Some damage to my fence, some days without power. I drove around and couldnt believe the destruction and chaos that this bitch did.I live right around the key spots that got hit hardest and couldnt believe how much the landscape changed. It's incredibly sad.


----------



## Pony (Nov 4, 2012)

2 more workouts til Austin!  Very excite!

Day3

JM Press: 5x12/30
10/40, 8/50, 6/60 (+10), 15/30

Cheat Curls:
4x8/70 (+10), 60, 60, 60 (+10)

DB Tricep Ext.:
4x15/25 (+5 last set)

Incline DB Curls:
4x15/20s

Abs:
2x25 - decline bench sit-ups
2x25 - mason twist on decline bench w/10lb plate
2x25 - crunches (on edge of bench) with 5lbs

Cardio: sprints

I killed my biceps here with those cheat curls.  I wound up taking a while to do this workout because I was texting band bullshit, which was nice for building up anger and all, but I feel like if I was more fluid with it I could have done a little better.  All in all this was a sick workout, and Im glad I was able to put up some bigger numbers.  

Ive also taken up the habit of cigarettes.  Again.  Back in august i was going through shit, job was stressful and my fucking birthday all at once and its just been building and building.  What a disgusting habit, especially since I was about to hit 3 years smoke free.  Im inviting you all to tell me how gross cigarettes are and as a result how gross I am, every day until I fucking quit.  No mercy.


----------



## Pony (Nov 5, 2012)

All these people I know have been so fucked by the hurricane.  Its a shame too because I know a lot of musicians who now have to spend hundreds, if not thousands to replace destroyed gear.  So upsetting...


Day4  Feeling weak today

DB Incline Press:
10/35s(+10), 4x12/30s, 30s, 30s (+10), 30s (+10)

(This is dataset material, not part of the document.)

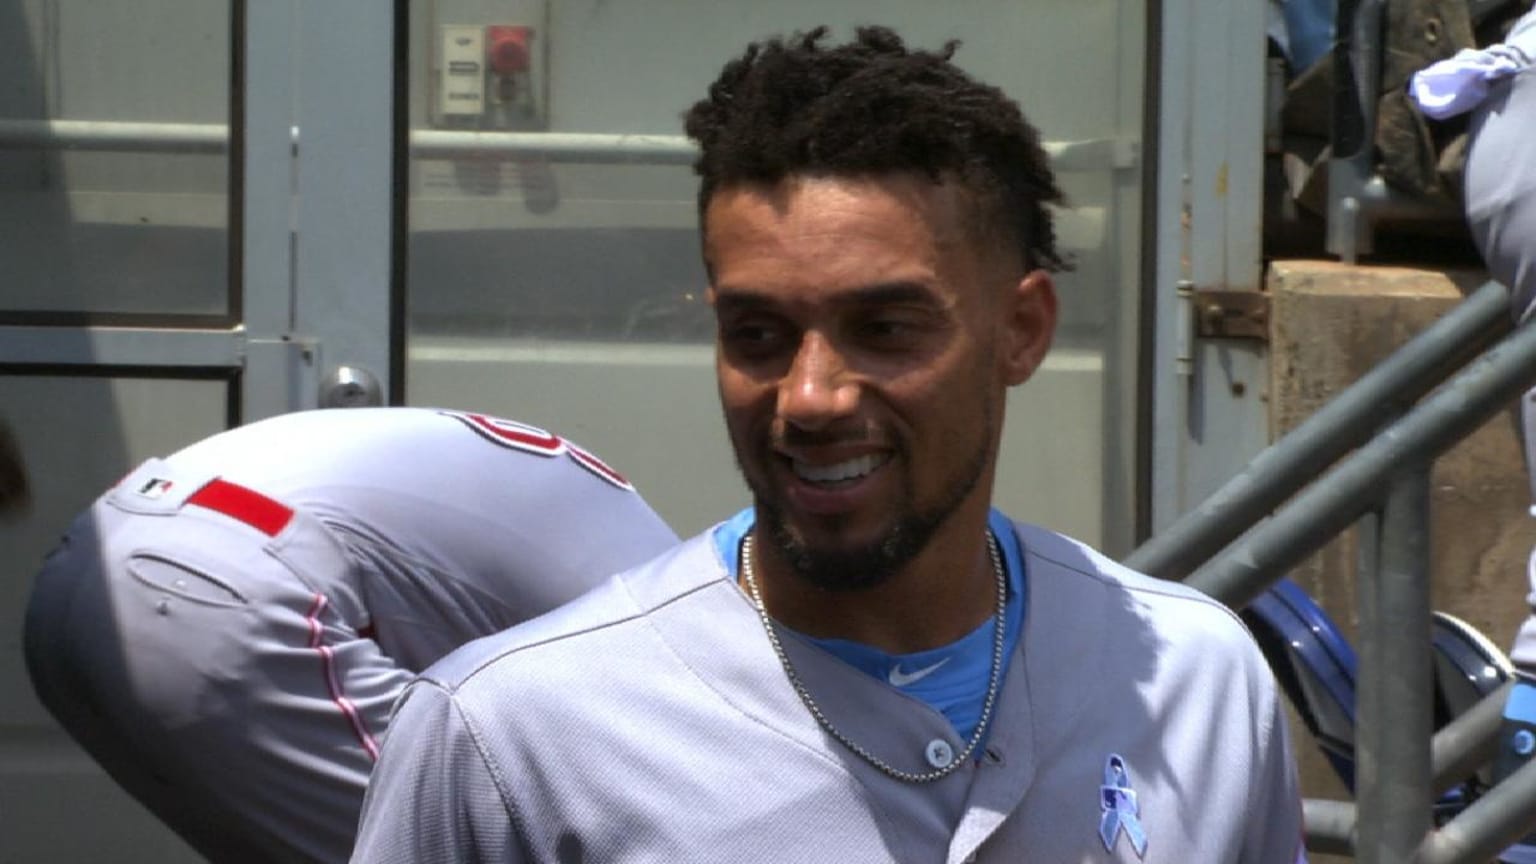 Billy Hamilton thanks Reds, Cincinnati fans with Royals deal complete

Chins (superset): assisted
5x8/-58, -64, -64, -64, -64

DB Flat Bench Fly:
4x12/20s

DB Row (superset):
4x10/30s (+10 on all sets)

Machine Bench Press:
3x20/50,40,30

Pull-ups (superset):
3x12/-64, -70 (+6), -70(+12)

Cardio: Sprints

I could barely get those 35s up on my first set.  For some reason I have a feeling that I would have gotten 12 reps out if I did that on my second set.  Regardless I can see that this program is starting to change my body, I was watching my torso flare out like a cobra head while doing the incline press.  Ive been losing a lot of weight but Im hating on this loose skin.  Any tips or pointers from anyone on how to tighten up loose skin?  I know it takes nature a while, but I also know you mother fuckers cheat nature all the time.


Today's my favorite workout to do in front of the mirror


----------



## Pony (Nov 5, 2012)

Day 5

Military Press: bb
5x5/70, 60, 60, 60, 60

DB Front Raise:
3x12/15s, 10s 10s

Deltoid Box:
3x15/15s,10s, 10s

Seated lateral Raise:
3x15/10s, 8s, 8s

Rear Flies:
3x12/30s, 20s, 20s

Cable Ab Pull:
3x15/180 (+20), 170 (+10), 170 (+10)

Cardio: Sprints

So what happened here was I read the paper wrong and thought it said 180, but it really said 160.  I could do the 180, but the damn weight stack kept almost lifting me off my knees, so I finished with 170.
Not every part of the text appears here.